Study on morphology, wear and corrosion resistance of ultrasonic-assisted pulse co-electrodeposited B4C reinforced Ni–P composite coating

The B₄C-reinforced Ni–P composite coatings were synthesized on low-carbon steel via ultrasonic-assisted electrodeposition. The optimal condition for producing co-electrodeposited Ni–P coating is to investigate the effects of concentrations of B₄C on the morphology, microstructure, surface roughness, hardness, elastic modulus, friction, wear, and electrochemical properties of the composite coating. Field-emission scanning electron microscopy (FESEM), X-ray diffraction (XRD), and energy dispersive spectrometer (EDS) were used to analyze the surface microstructure, crystallite size, morphology and composition of coating and content and distribution of the particles.
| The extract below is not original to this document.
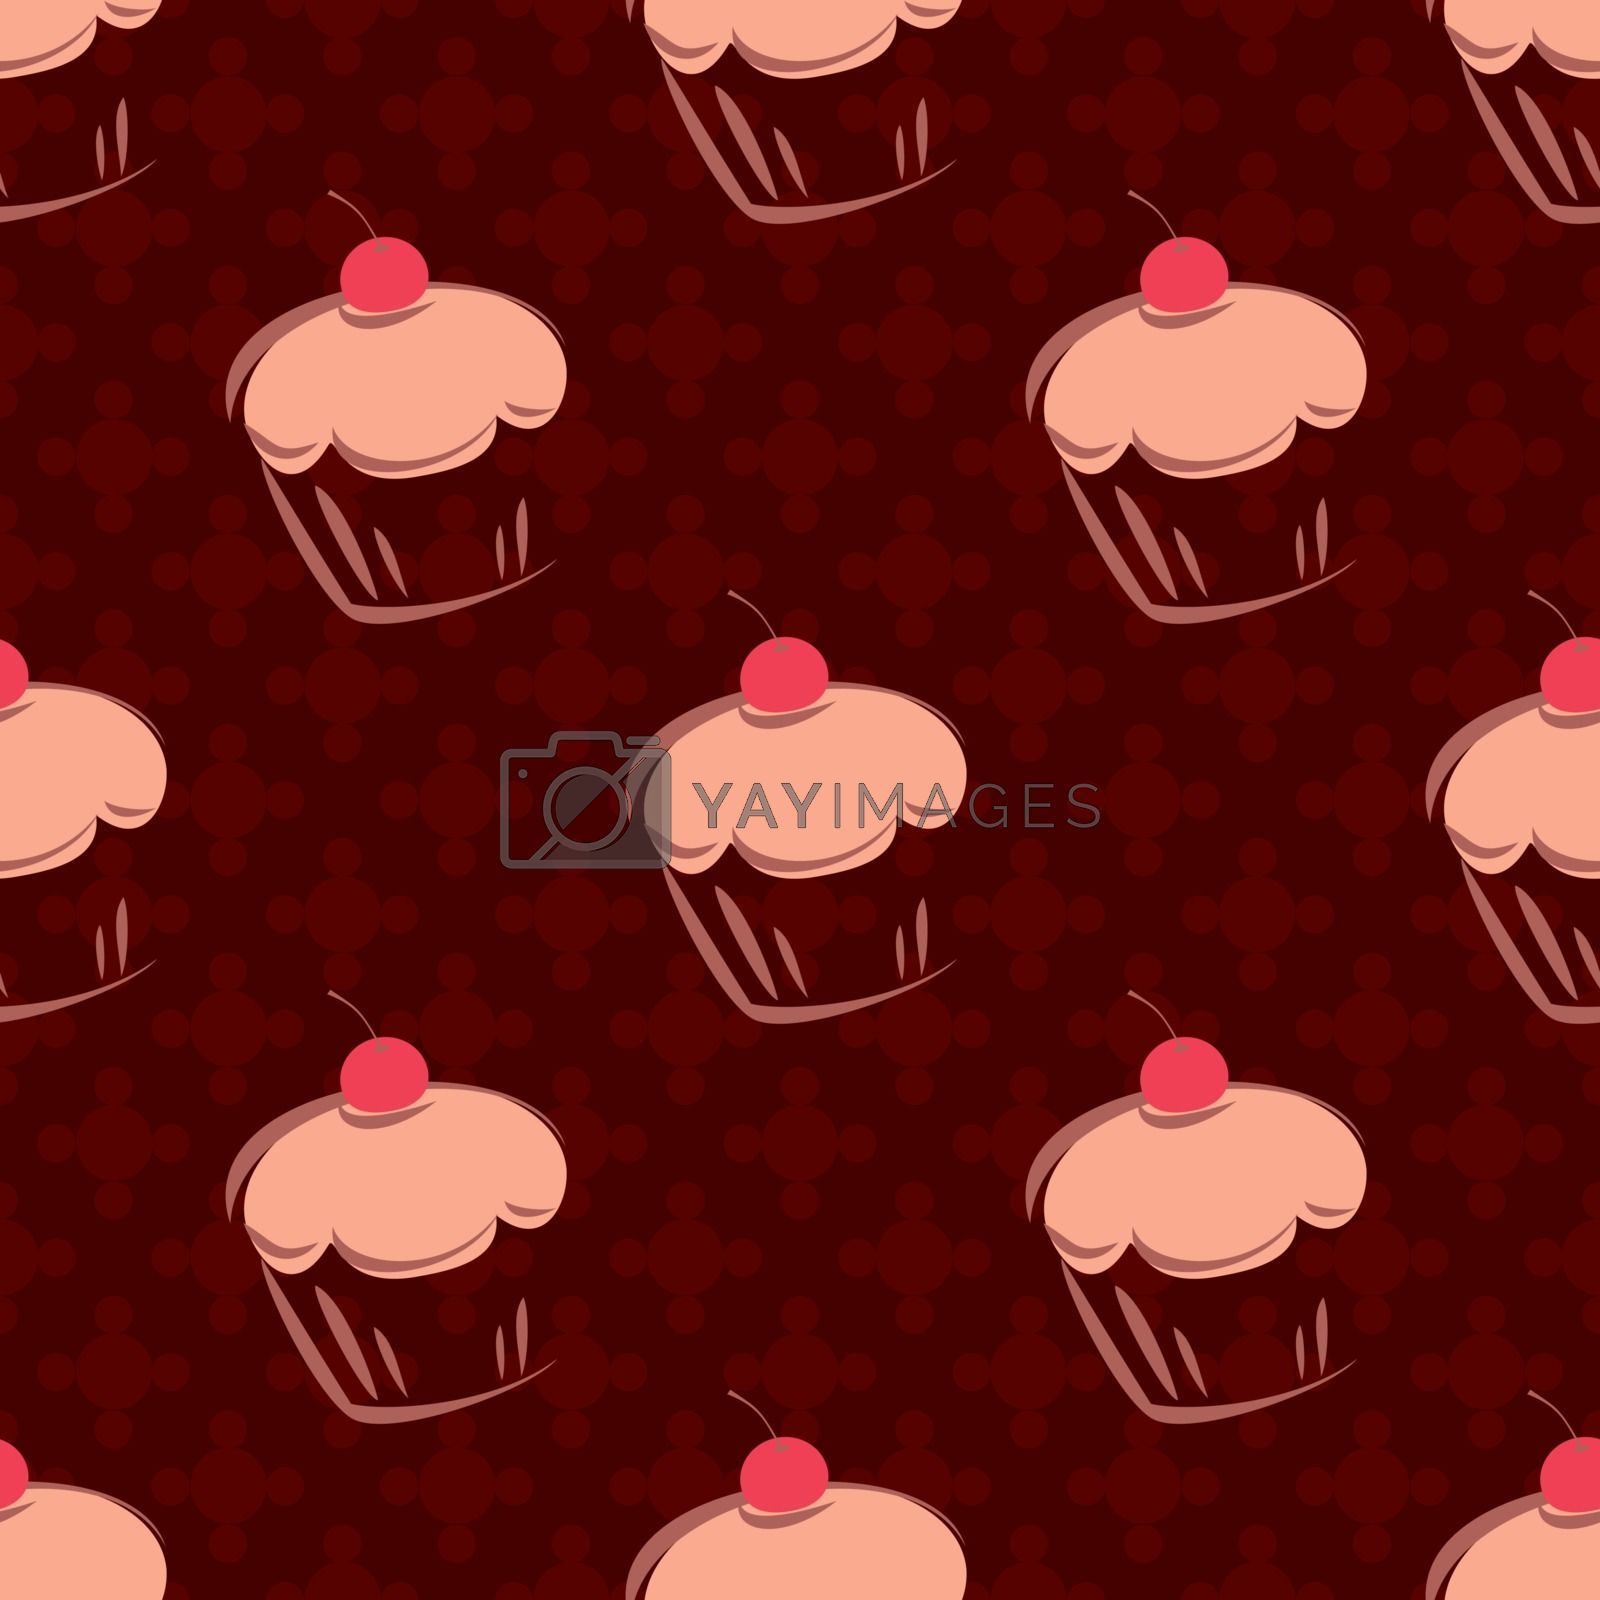 Tile vector cake wallpaper or cupcake background pattern Royalty Free Stock Image. YAYIMAGES Free and Vectors

The nanohardness and reduced elastic modulus of B₄C-reinforced Ni–P depositions was characterized by the nanoindentation technique. The friction and wear mechanism of the composite coatings was discussed in detail. The electrochemical properties of samples were studied via open circuit potential (OCP), potentiodynamic test and electrochemical impedance spectroscopy (EIS) in the 3.5% NaCl media. The experimental results indicated the highest elastic modulus and nano hardness (147 GPa and 6,92 GPa and the lowest wear rate (3.18 X 10^–8 mm³ /Nm) and average coefficient of friction (0,35) for coatings deposited at 20 gL⁻¹. Moreover, the corrosion resistance is significantly improved; this is shown via the low corrosion current density (I_corr value of 1.48 × 10^–3 A/cm²), the high corrosion potential (E_corr value of – 0.56 V), best corrosion rate (1.36 X10⁻⁵ mpy) and maximum R_ct of 181.8 kΩ cm². These results are attributed to the uniform distribution of the B₄C into nickel coating and the grain refinement effect of electrodeposited Ni–P coating. The formation of the B₄C core–shell structure on the coating surface improved the interfacial bond between the matrix and the ceramic particle, improving wear resistance and anti-corrosion performance.